We would like to respond to the interesting study by Fishbein et al recently published in this journal.4 The authors point out the clinical and pathological resemblance of intestinal allograft rejection and Crohn's disease. On the basis of this resemblance Fishbein et al genotyped 34 recipients and 34 donors of small bowel transplants for the three Crohn's disease-associated NOD2 polymorphisms: R702W, 3020insC and G908R. The authors conclude that the prevalence of NOD2 mutations in the recipients compared to the donors of small intestinal transplants is higher (35% and 8.6%, respectively) and are also associated with graft failure after small bowel transplantation.
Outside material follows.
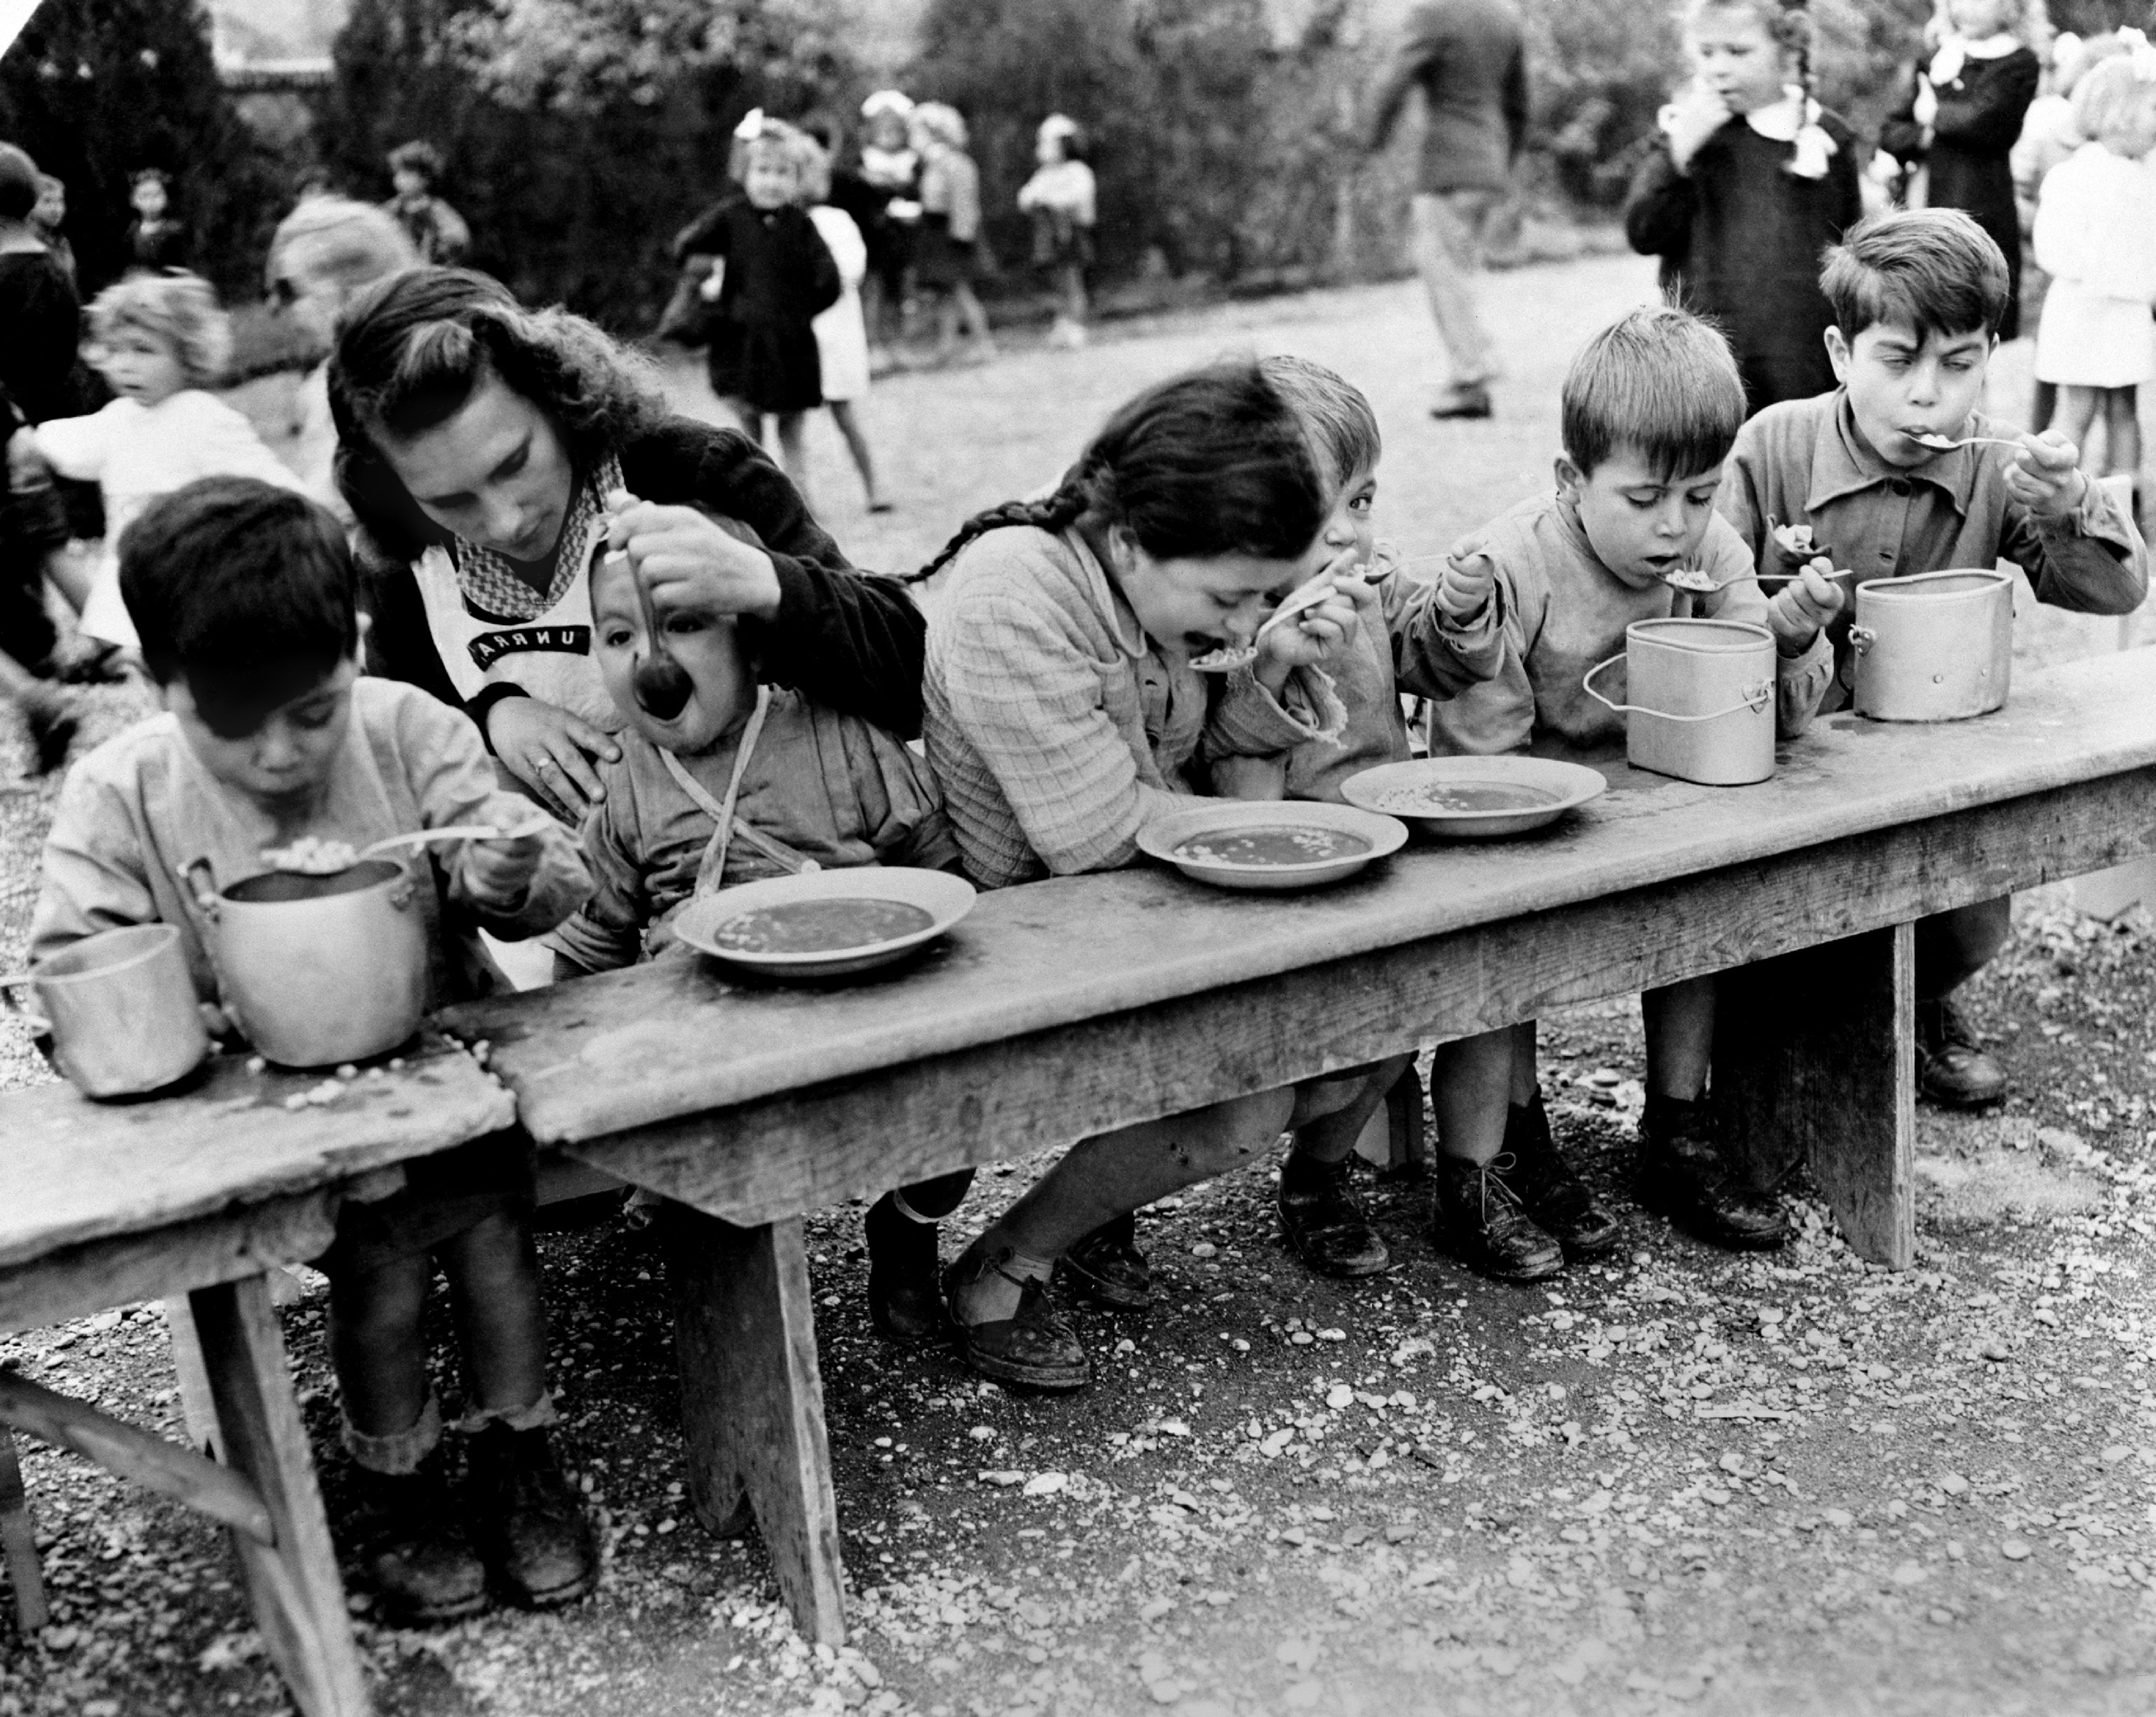 Italia, 1945: tavolata di bambini che ricevono un pasto dall'UNRRA, a sostegno delle popolazioni vittime della guerra

Since the cohort in the study of Fishbein et al was small, we set out to study their findings in a larger cohort of small bowel transplant recipients and donors. Our study population consisted of 99 recipients of either a small bowel transplant, combined small bowel/liver transplant, or a multivisceral transplant, and 71 donors. There were 55 matched donor–recipient couples. All patients were transplanted at the Nebraska Medical Center, Omaha, Nebraska. Eighty-six patients were transplanted between February 2003 and July 2007 and 13 patients between 1996 and December 2002. Clinical characteristics of both recipients and donors are shown in table 1.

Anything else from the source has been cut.